Robust Transfer Learning with Unreliable Source Data
This work addresses the challenge of unreliable source data in transfer learning for machine learning practitioners, offering a robust method to prevent negative transfer, but it is incremental as it builds on existing transfer learning frameworks.
The paper tackles the problem of robust transfer learning when source data is unreliable by introducing an 'ambiguity level' to measure discrepancies between target and source distributions, and proposes the Transfer Around Boundary (TAB) model to improve classification while avoiding negative transfer, achieving optimal upper bounds up to logarithmic factors in tasks like non-parametric classification and logistic regression.

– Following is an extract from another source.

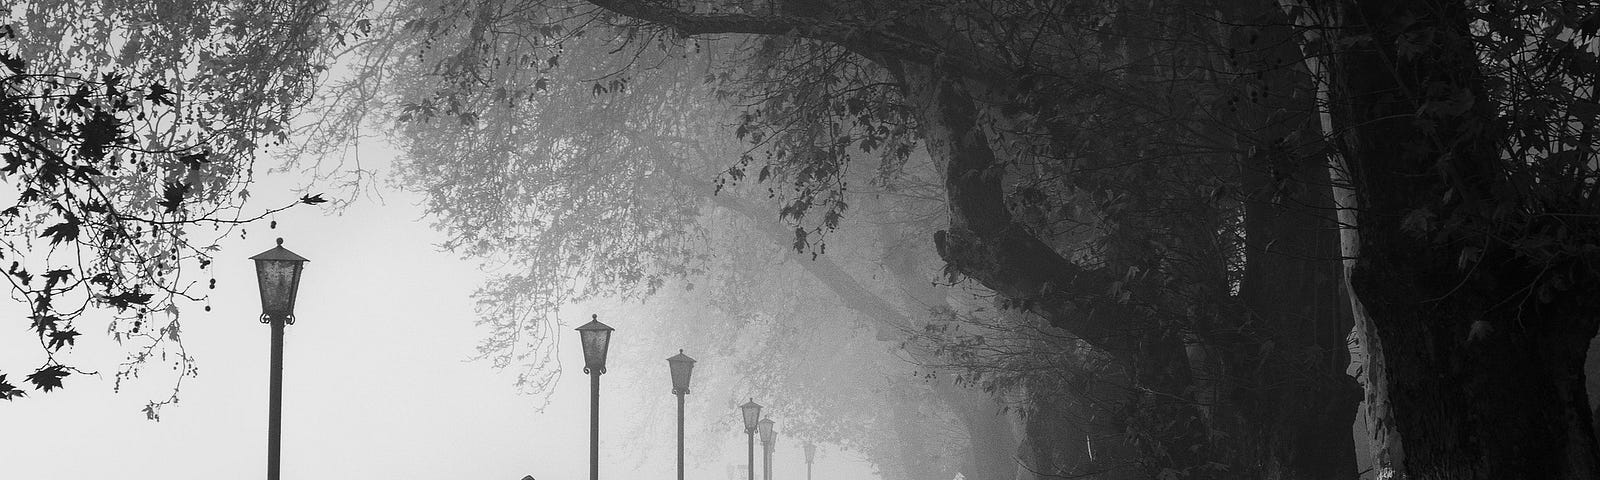 A mist filled strand where people are strolling with one man in foreground by himself
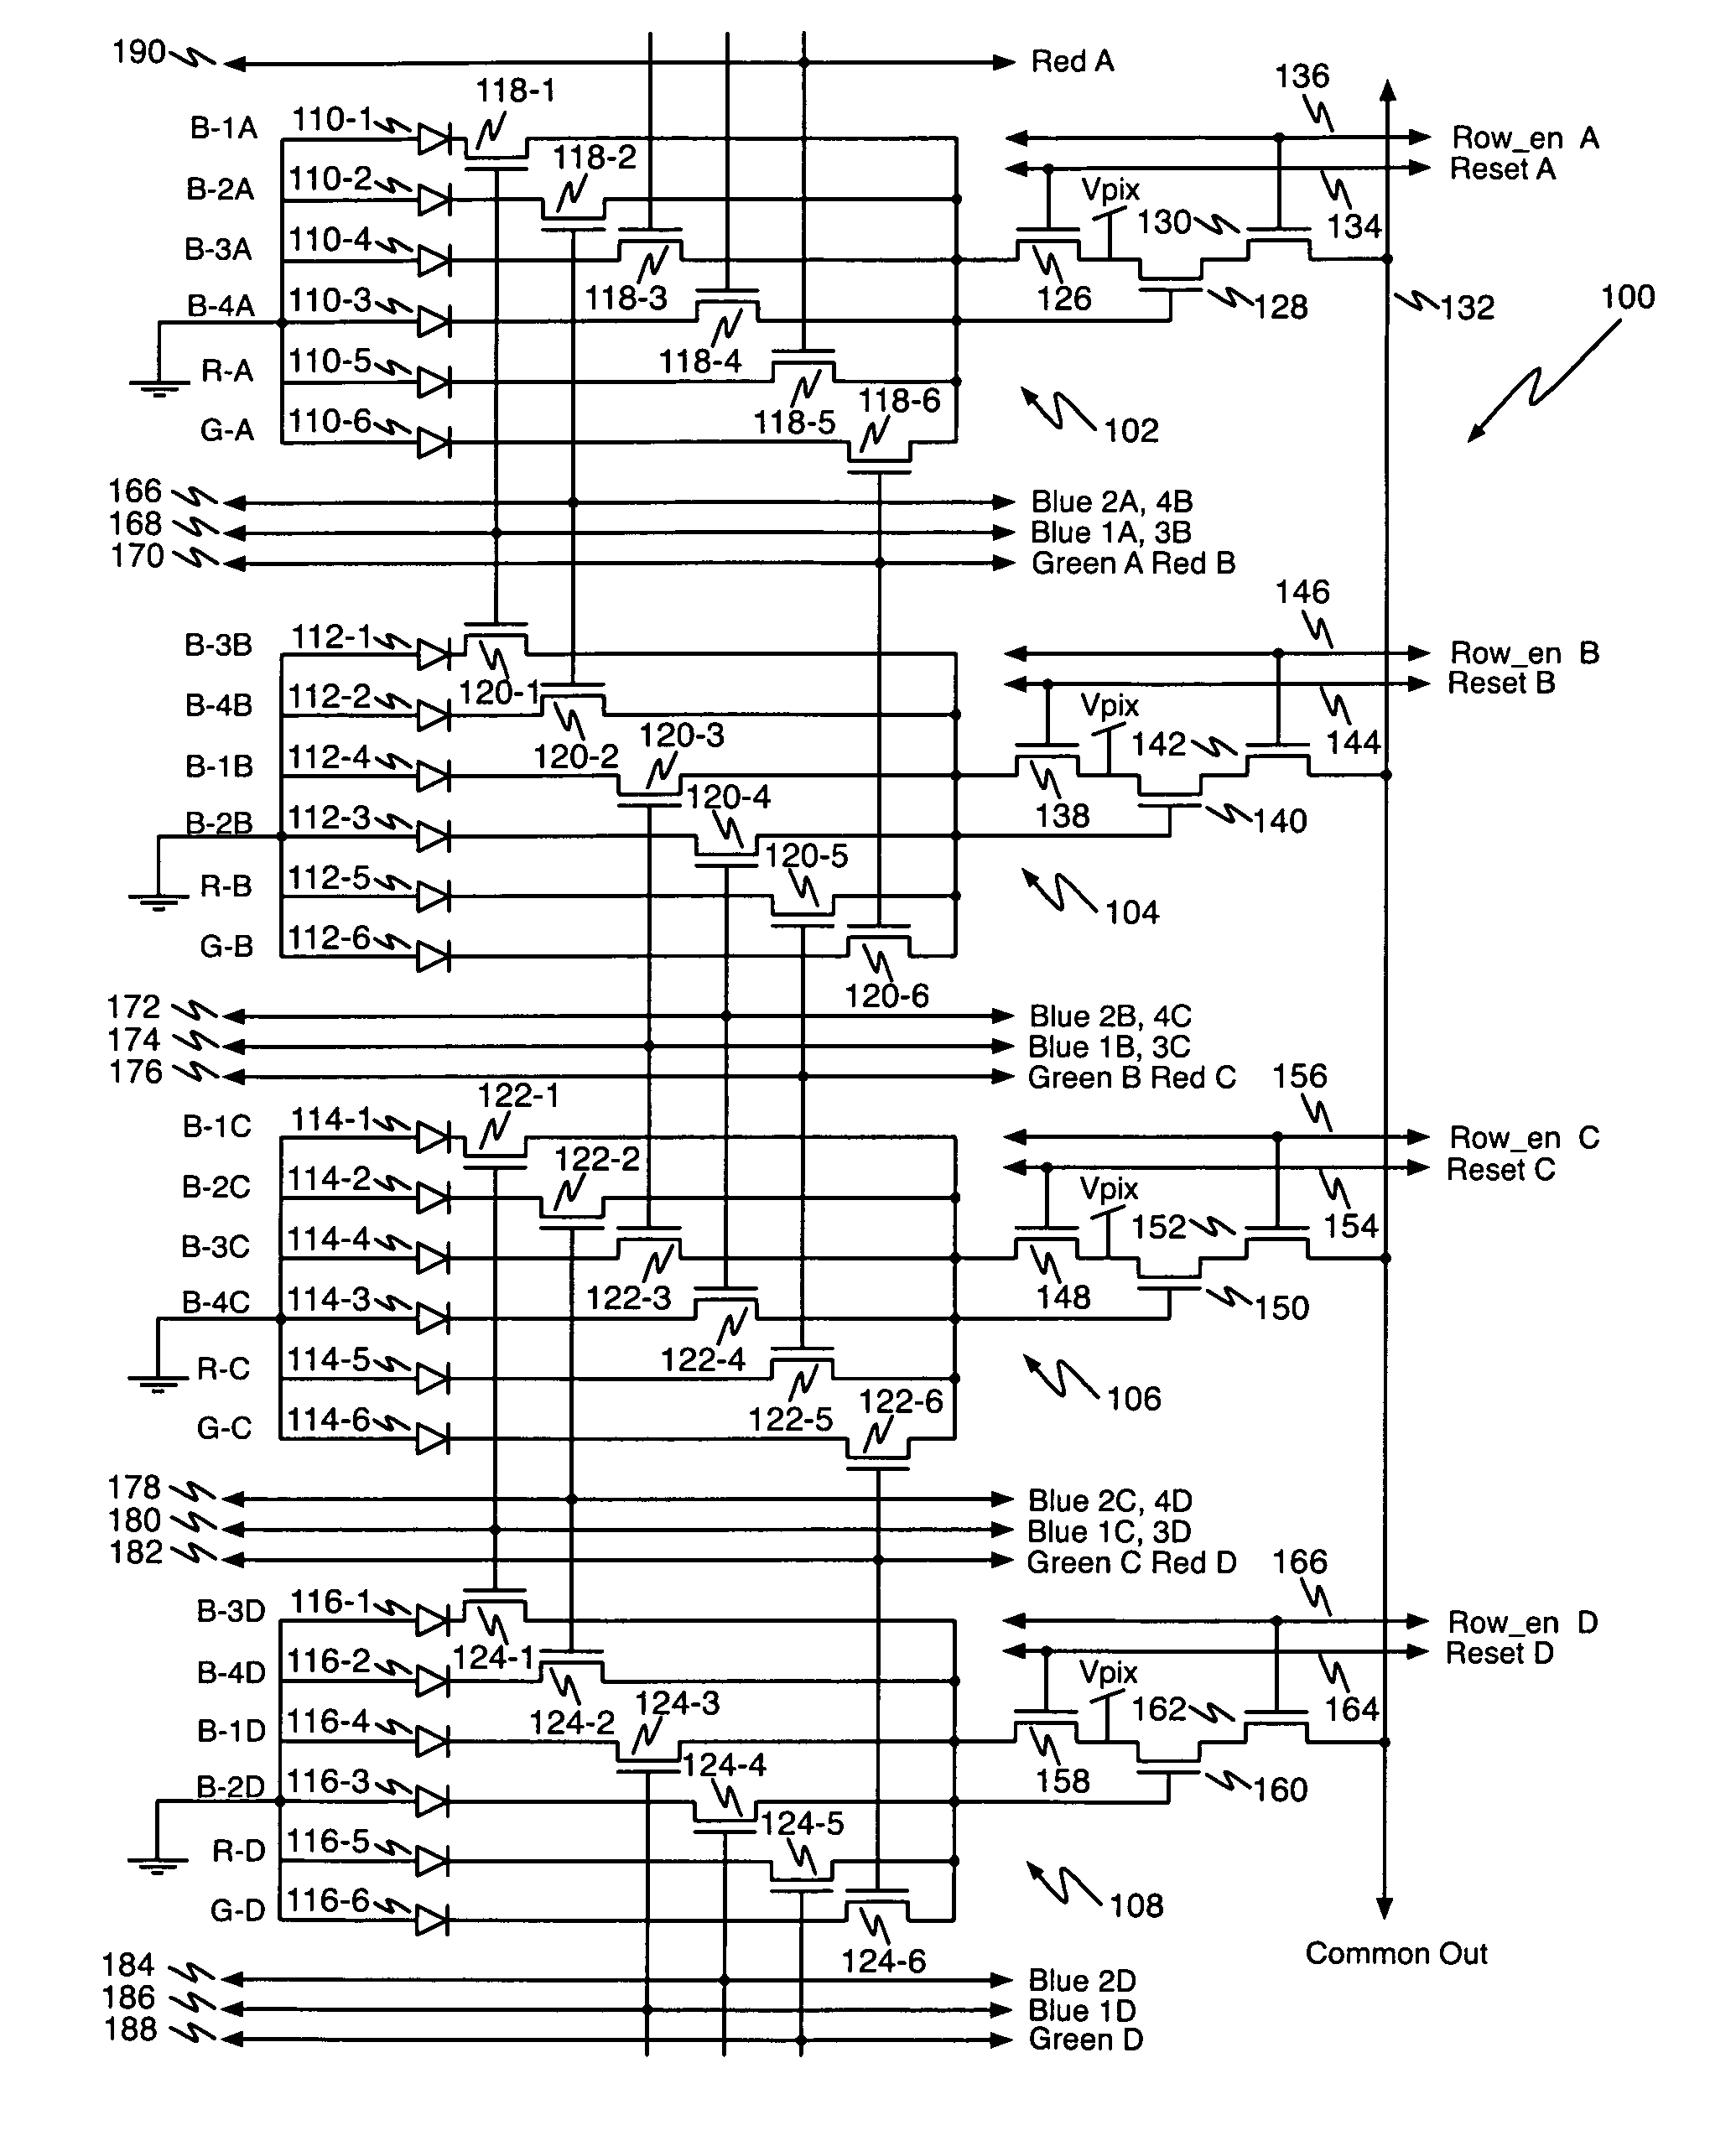 Multi-color CMOS pixel sensor with shared row wiring and dual output lines

This paper addresses challenges in robust transfer learning stemming from ambiguity in Bayes classifiers and weak transferable signals between the target and source distribution. We introduce a novel quantity called the ''ambiguity level'' that measures the discrepancy between the target and source regression functions, propose a simple transfer learning procedure, and establish a general theorem that shows how this new quantity is related to the transferability of learning in terms of risk improvements. Our proposed ''Transfer Around Boundary'' (TAB) model, with a threshold balancing the performance of target and source data, is shown to be both efficient and robust, improving classification while avoiding negative transfer. Moreover, we demonstrate the effectiveness of the TAB model on non-parametric classification and logistic regression tasks, achieving upper bounds which are optimal up to logarithmic factors. Simulation studies lend further support to the effectiveness of TAB. We also provide simple approaches to bound the excess misclassification error without the need for specialized knowledge in transfer learning.